VOTARAM CONTRA A ABERTURA DO PROCESSO

- Wilson Damasceno (PSDB)

- José Luiz Queiroz (PSDB)

- José Carlos Albuquerque (PSDB)

- Evandro Galete (PSDB

- Mário Coraíni (PTB)

- João do Bar (Progressistas)

- Cícero do Ceasa (PL)

(OBS): O presidente da Câmara, Marcos Rezende só votaria em caso de empate e a vereadora Daniela Alves ficou impedida por ser parte da representação

ESCAPOU OUTRAS DUAS VEZES

Antes da votação desta segunda-feira (31), o prefeito já havia escapado duas vezes da guilhotina em processos e comissões na Câmara. A primeira foi em novembro de 2017, quando o carnavalesco Eduardo Lobato, o Alemão, protocolou pedido de abertura de Comissão Processante para cassar o prefeito.
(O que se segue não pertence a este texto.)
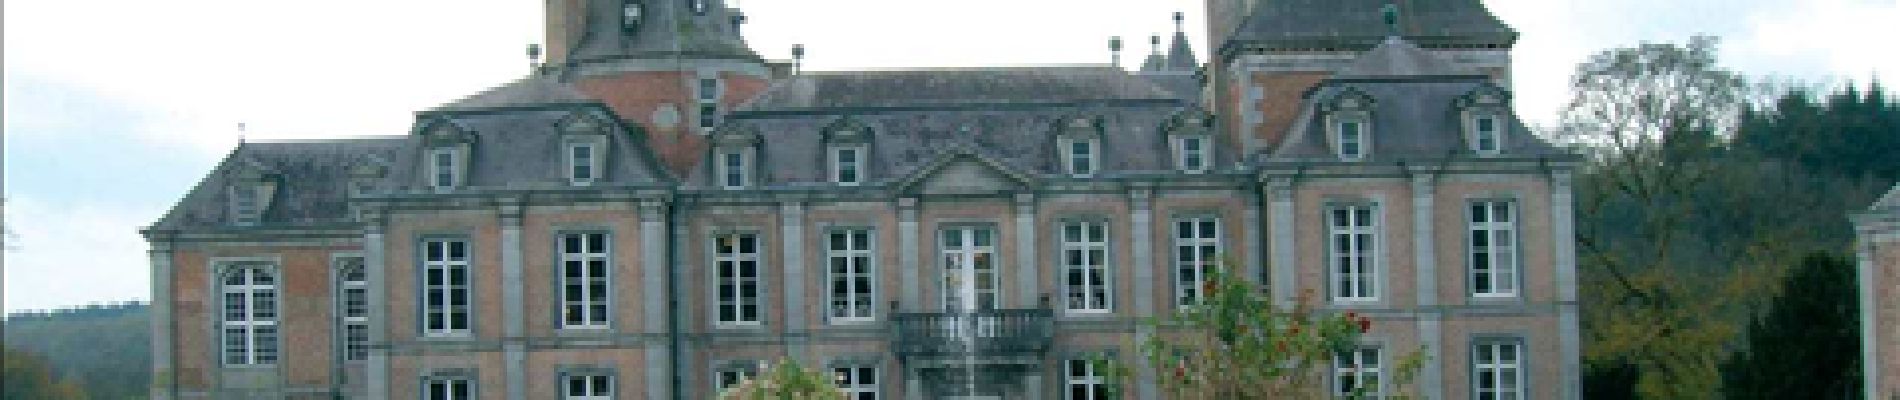 POI Modave - Château de Modave - Photo

O motivo foi, segundo o relatório, a contratação irregular do diretor do Observatório de Segurança e Cidadania, Kedney Simão, sem diploma universitário, o que é exigido para o cargo. O pedido foi rejeitado por unanimidade.

A segunda tentativa de abrir processo para tentar cassar Alonso foi na sessão camarária da semana passada. O pedido foi feito pelo advogado Paulo Roberto Amado Júnior, alegando supostos crimes de responsabilidade e improbidade administrativa, resumidos em três justificativas: “exercício em empresa particular durante o mandato, propaganda político-partidária e/ou pessoal à administração pública e inversão da ordem cronológica dos pagamentos sem comprovação de vantagem ao erário”. O pedido de CPI foi rejeitado por 11 onze. Apenas o vereador Danilo da Saúde (PSB) votou a favor da proposta.